I retired two years after that, after struggling and begging to get $200K spent on those tweaks that were all that were ever needed, content that the system would be fine for a decade to come. Nearly 8 years later, my 2005 system is still the one running. Nobody speaks of the deliberately-forgotten project that was never needed.
And, no, no accountability for anybody, and certainly no "I told you so" was allowed for me.
The IT Department had gone straight up 3 levels above me, to the Director of Water, and told him, Director-to-Director, that the project was needed. After that, every objection could be batted down with "your Director has signed off". At a "Lessons Learned" meeting afterwards, where I did get to say "I told you so" to all the lower staff, and one Manager, I asked how there could be no statement that the Director had made a bad call. (He was retired by then.)
That one Manager came up to me right after everybody left, and told me how unacceptable it was that I tried to bring up the Director, how he was still around there, consulting, had many high-level friends, and naming him was a very career-limiting move. He did not appear in the final report.
A few days later, another Water employee, who dealt with a lot of Managers, told me that she'd asked the Fire Director, at his retirement, why he didn't step in to the mess that became of our 911 system, basically another IT project that collapsed. He told her that at $5M, it was "too small" for him to spend much time upon. And yet, his approval was needed for anything. That system meant that such projects were turned entirely over to consultants as soon as they'd convinced the Director it was on.

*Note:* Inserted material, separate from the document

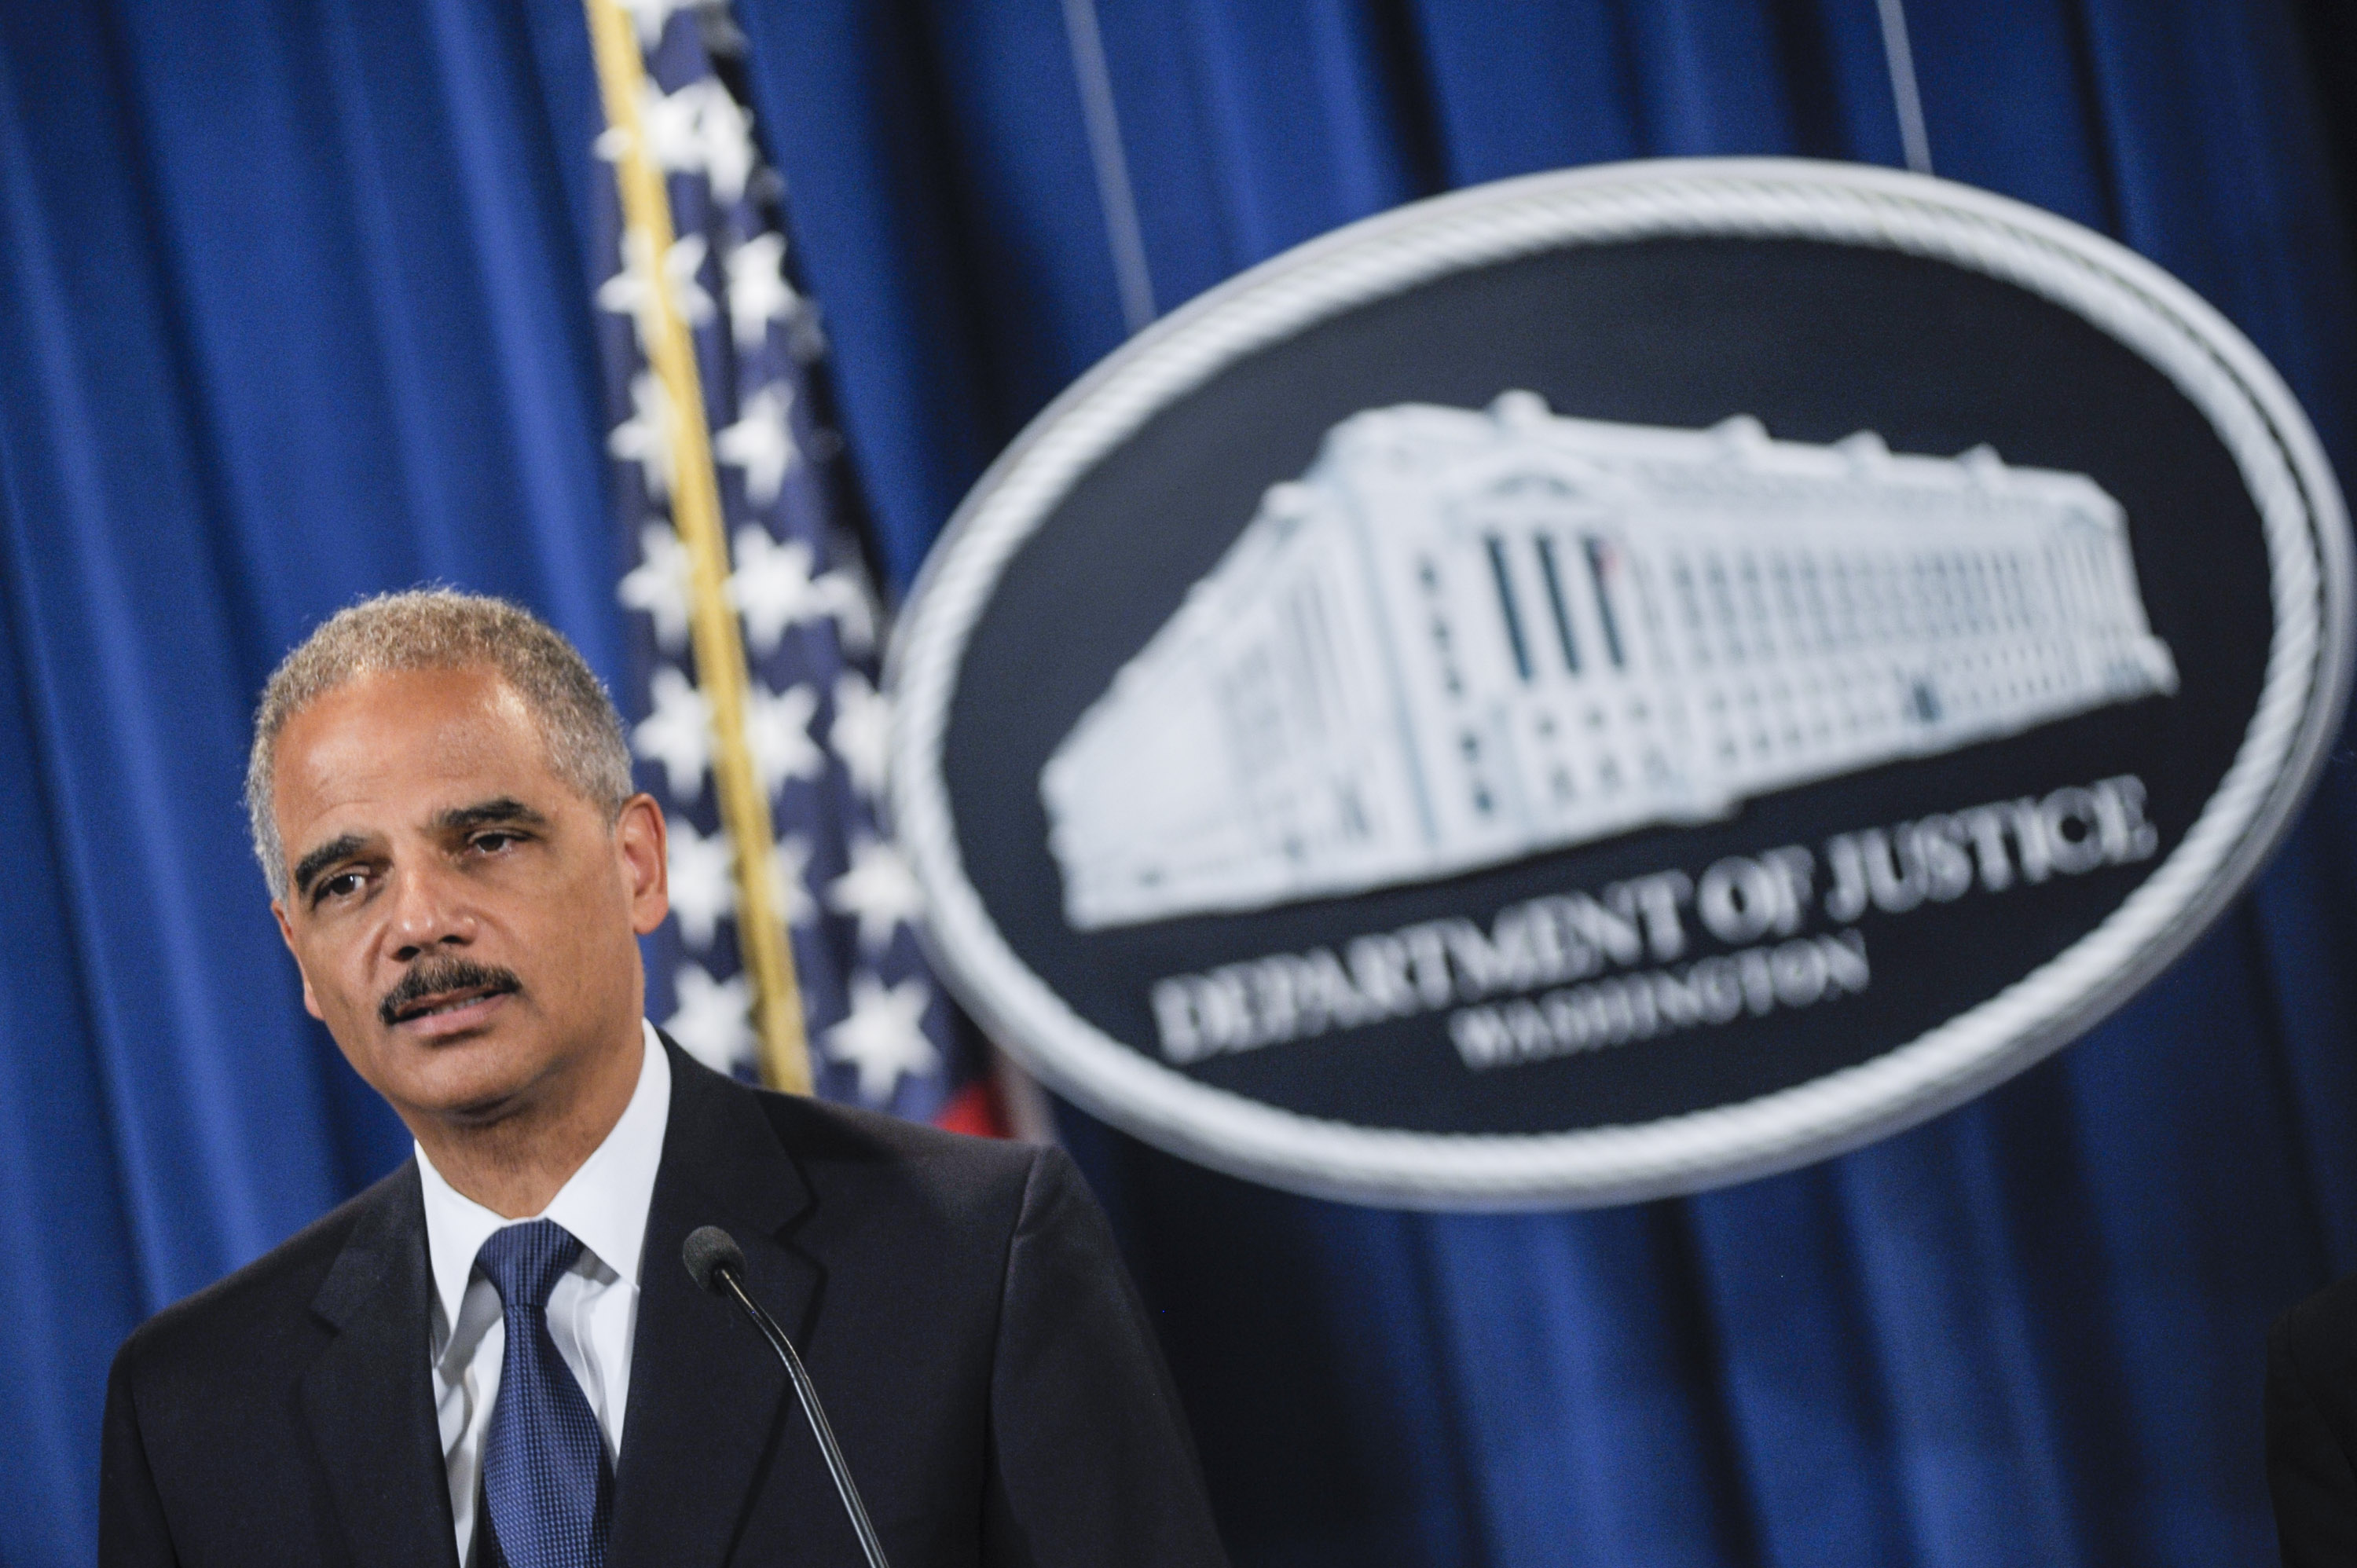 U.S. Attorney General Eric Holder speaks during a press conference announcing Department of Justice plans to sue North Carolina over Voter ID regulations at the Department of Justice on September 30, 2013 in Washington, D.C. (Kris Connor&mdash;Getty Images)

Which explained a lot about why all my protests - from the guy who'd managed the previous system - fell upon deaf ears. The Director was just waiting for me to wind down in the climactic meeting I asked two levels for, with him; he'd made his decision a year earlier, planned to spend no more time upon it. If he'd accepted my story, he'd have had to do a hundred hours of work.
Your phrase about demoralizing the staff really hit me. It was the biggest disappointment of a career that I couldn't stop the train-wreck, made me realize how little I was *really* respected, for all the praise heaped upon me.